:: COLLECTED MATERIAL

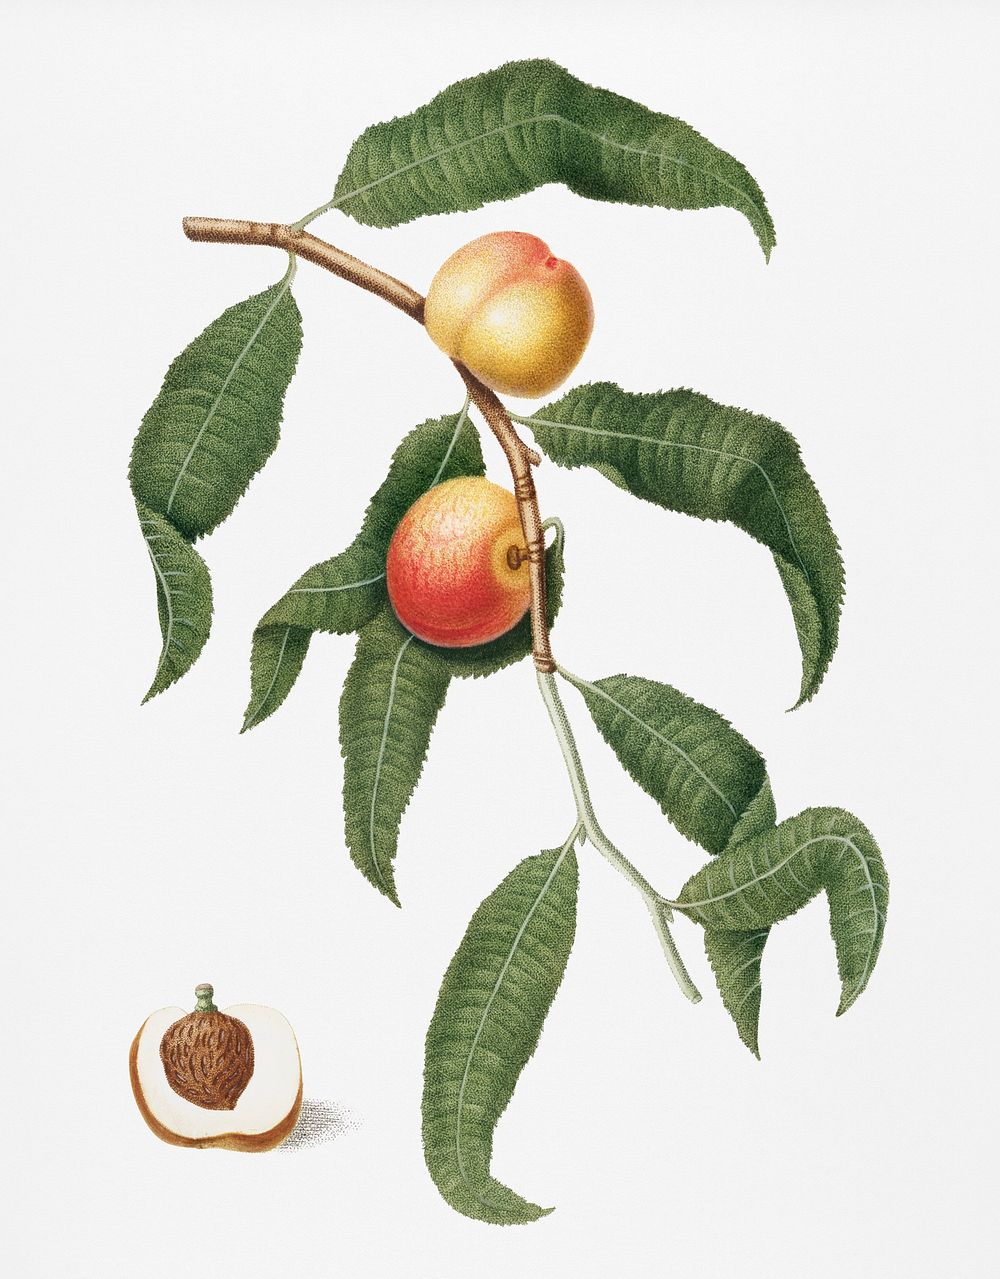 Peach (Persica Alberges) from Pomona Italiana (1817 - 1839) by Giorgio Gallesio (1772-1839). Original from New York public…
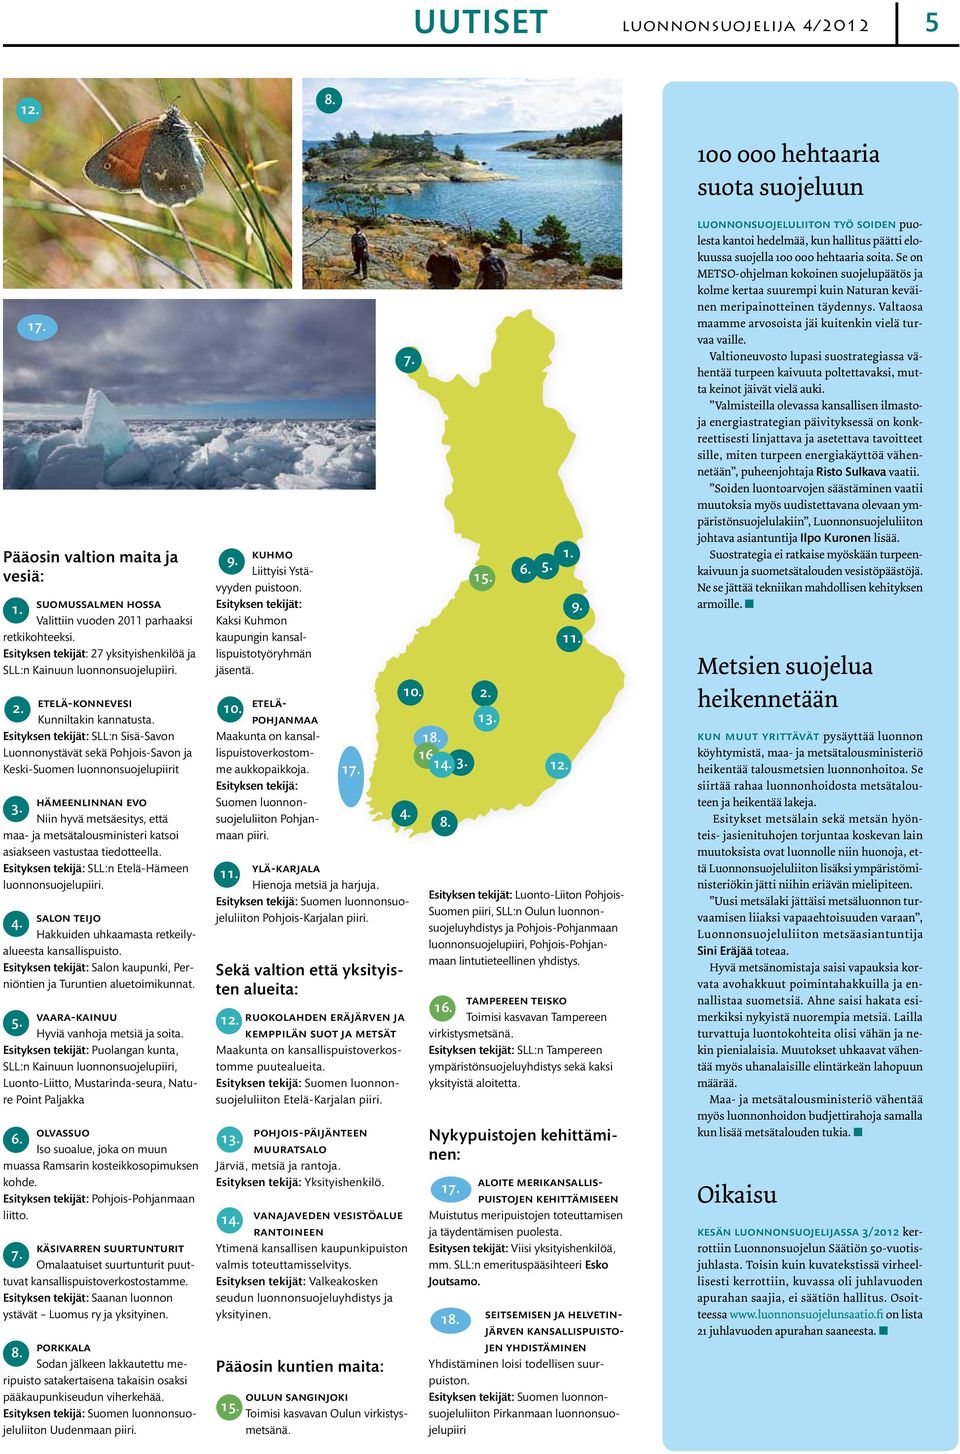 Niin hyvä metsäesitys, että maa- ja metsätalousministeri katsoi asiakseen vastustaa tiedotteella. Esityksen tekijä: SLL:n Etelä-Hämeen luonnonsuojelupiiri. 4.
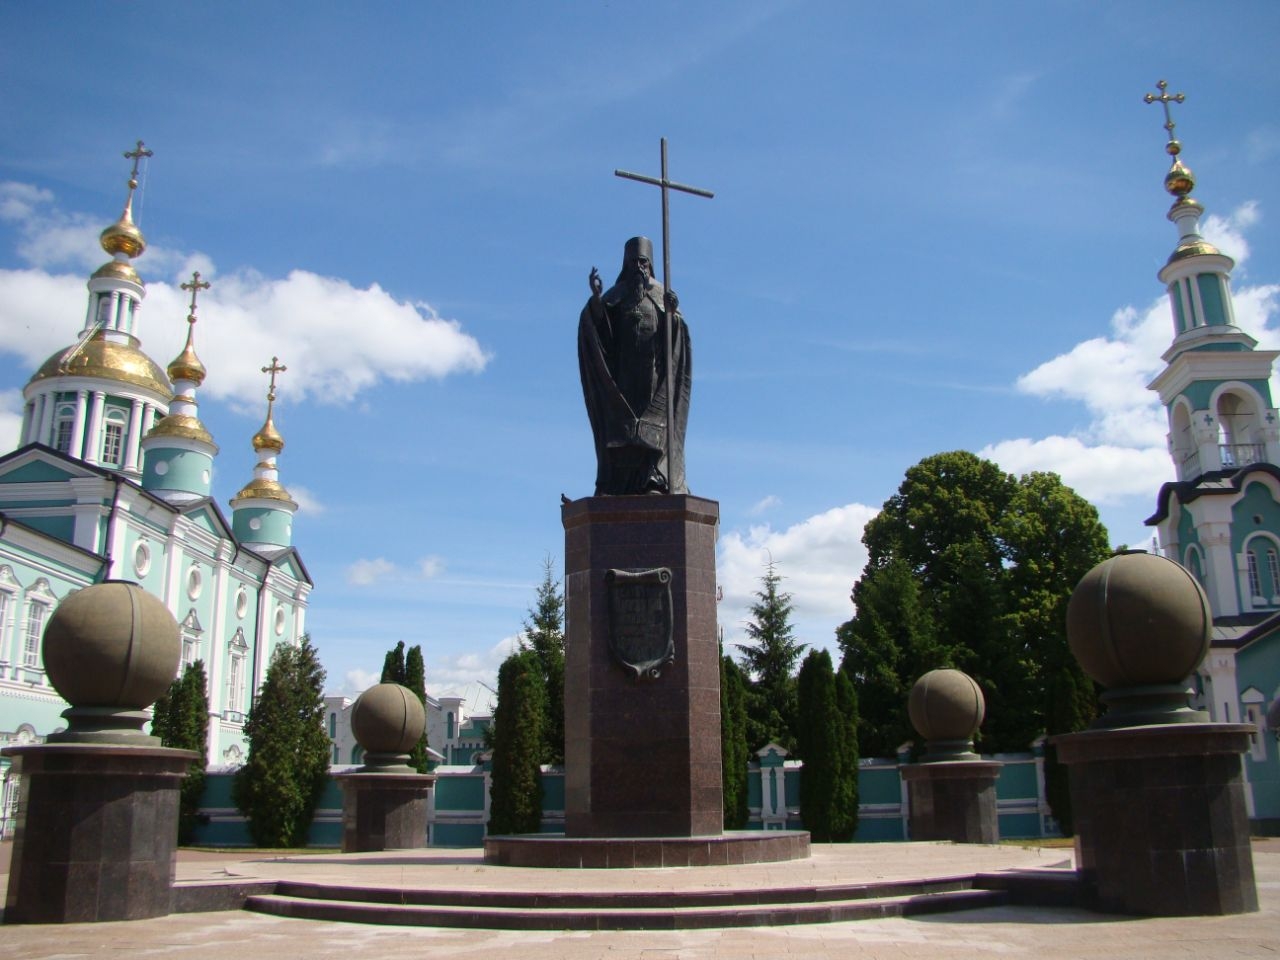 Спасо-Преображенский кафедральный собор Тамбов, Россия

::::

• [DIRECTIONS FOR THIS TASK]
Reproduce the data word for word; no pictures.

• [EXERCISE OUTPUT]
 Peach (Persica Alberges) from Pomona Italiana (1817 - 1839) by Giorgio Gallesio (1772-1839). Original from New York public…
 Niin hyvä metsäesitys, että maa- ja metsätalousministeri katsoi asiakseen vastustaa tiedotteella. Esityksen tekijä: SLL:n Etelä-Hämeen luonnonsuojelupiiri. 4.
 Спасо-Преображенский кафедральный собор Тамбов, Россия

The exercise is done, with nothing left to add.